The reason for the non-linear dependence of expression on copy number is unclear but one possibility is that it involves gene silencing caused by integration sites of exogenous genes. Recently, several studies have demonstrated feedback inhibition in over-expressing exogenous genes in plants and it may be that an increase in the GuHMGR gene results in feedback inhibition of upstream steps of the MVA pathway to reduce the accumulation of ergosterol. Then when an enzyme level decreases, feedback inhibition may be interrupted leading to reopening of the metabolic pathway which could explain why the level of ergosterol is increased in the P. pastoris strain containing 44 copies of the GuHMGR gene.

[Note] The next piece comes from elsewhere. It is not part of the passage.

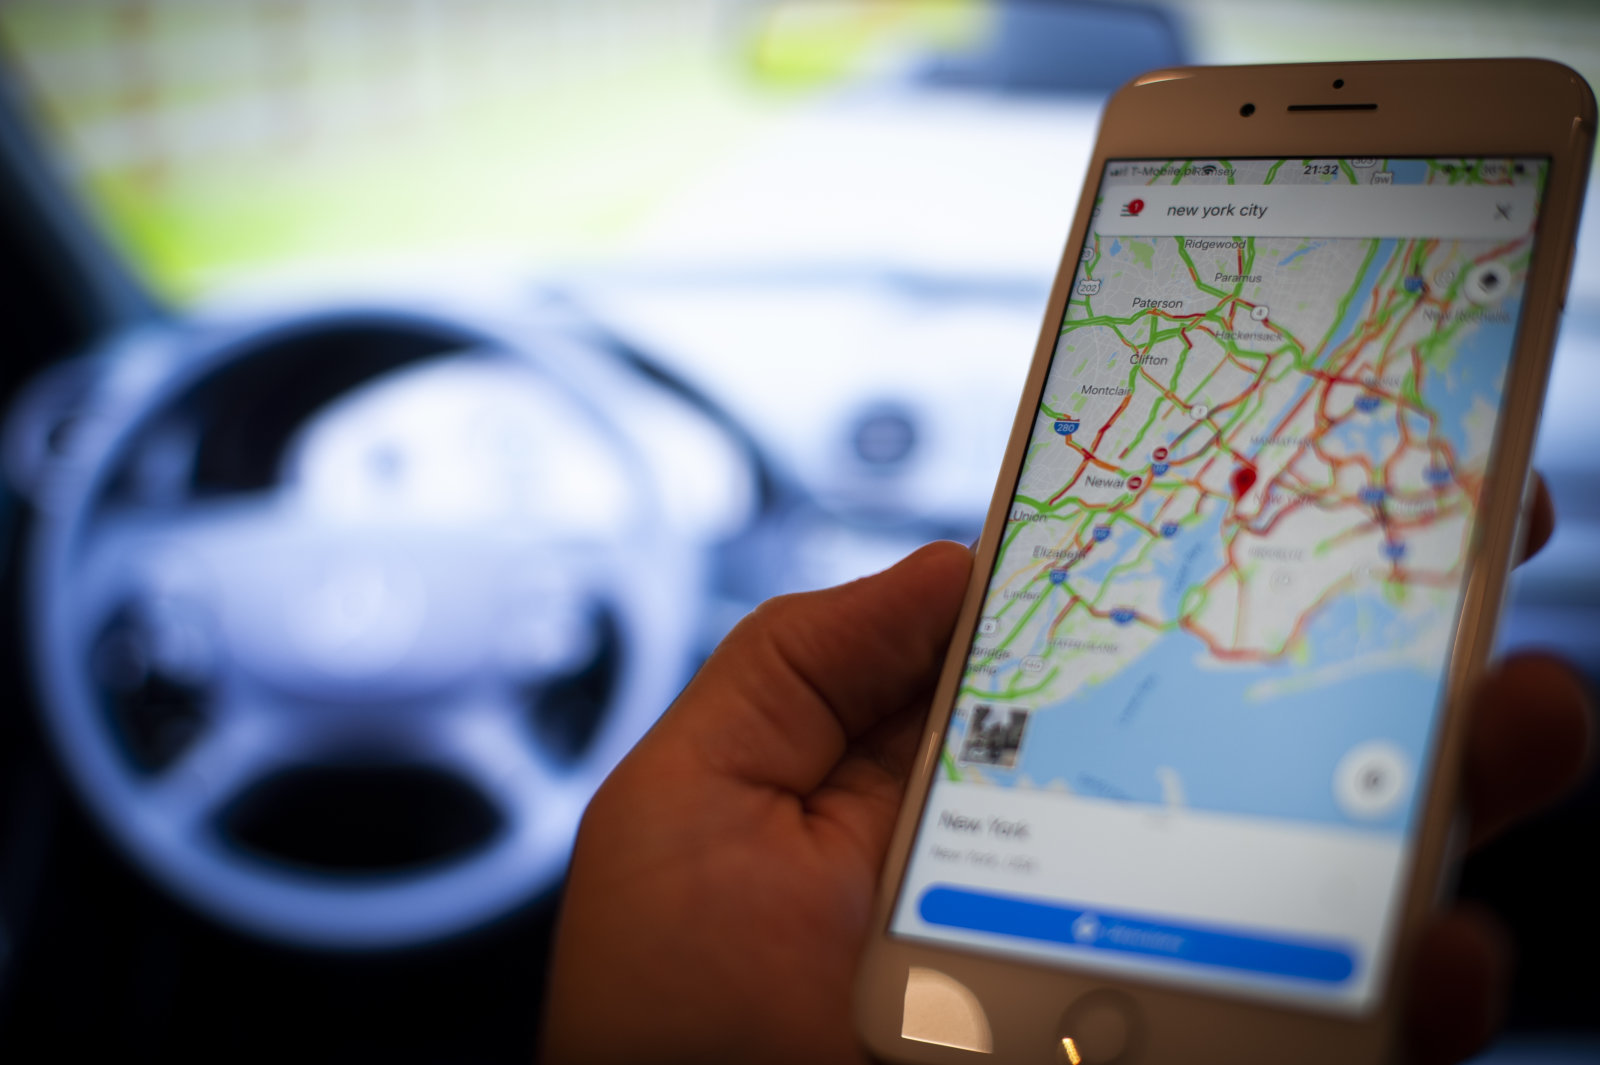 Global Mobile news round-up, November 16th - Blog - MEF
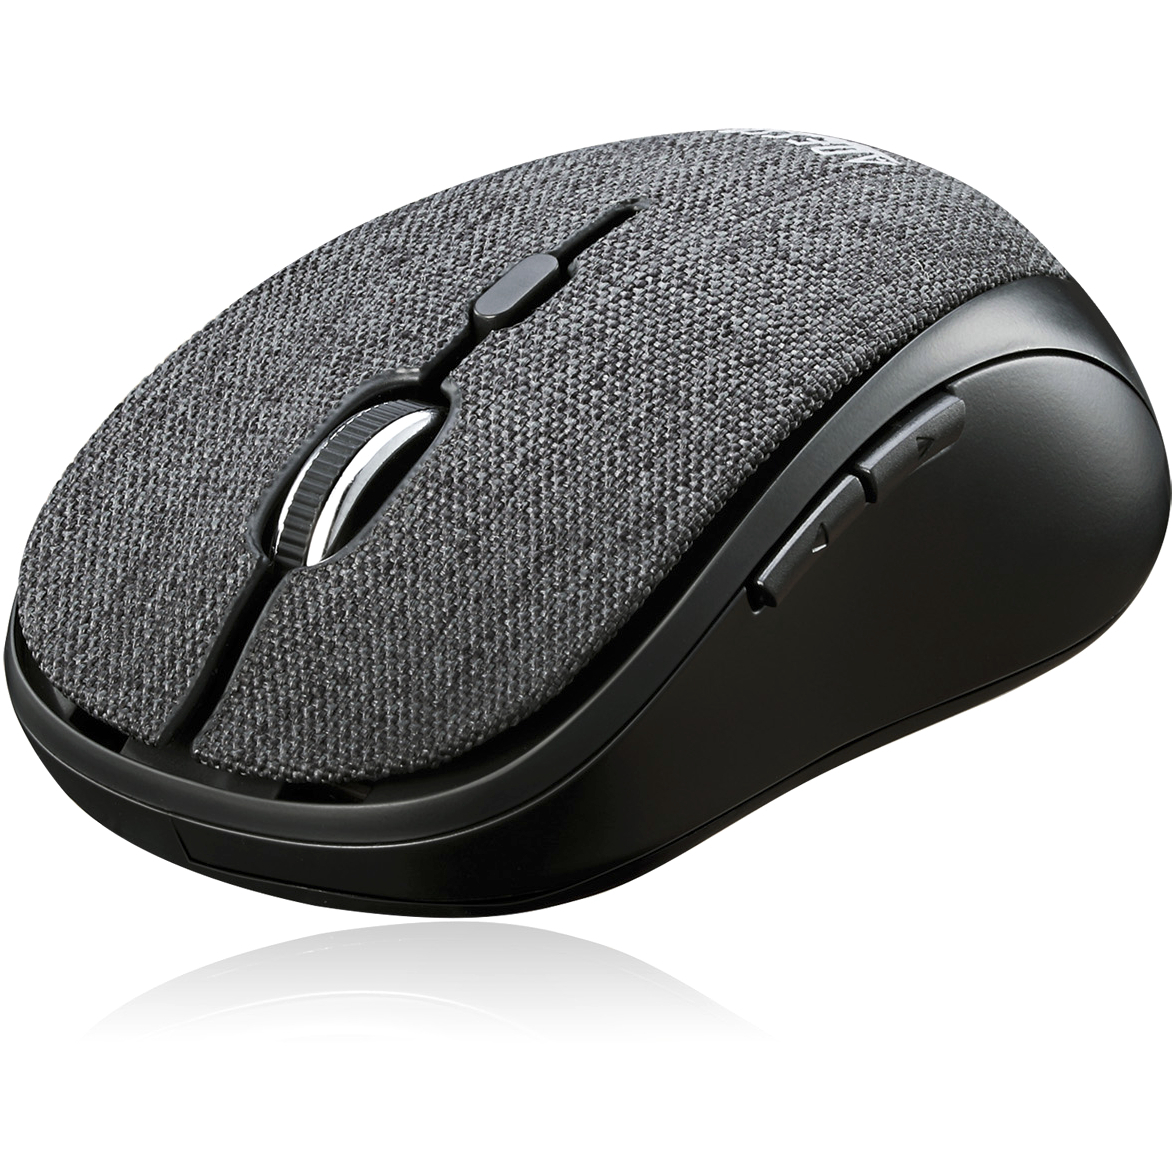 Adesso IMouse S80B   Wireless Fabric Optical Mini Mouse (Black) Alternate-Image8

In this study, the dependence of the content of ergosterol on the copy number of the GuHMGR gene suggests that an increase in the latter could lead to an increase in the production of GA in G. uralensis. However, it must be recognized that the production of GA involves a very complex metabolic network which is regulated and controlled by many key enzymes, of which HMGR is but one. Nevertheless we maintain that the current results provide an important basis for further studies aimed at increasing the GA content of G. uralensis and exploring its biosynthesis in vitro. In addition, other herbs used in Chinese medicine such as Glycyrrhiza glabra and Glycyrrhiza inflate also produce GA and this work is relevant to further studies of its biosynthesis in these medicinal plants.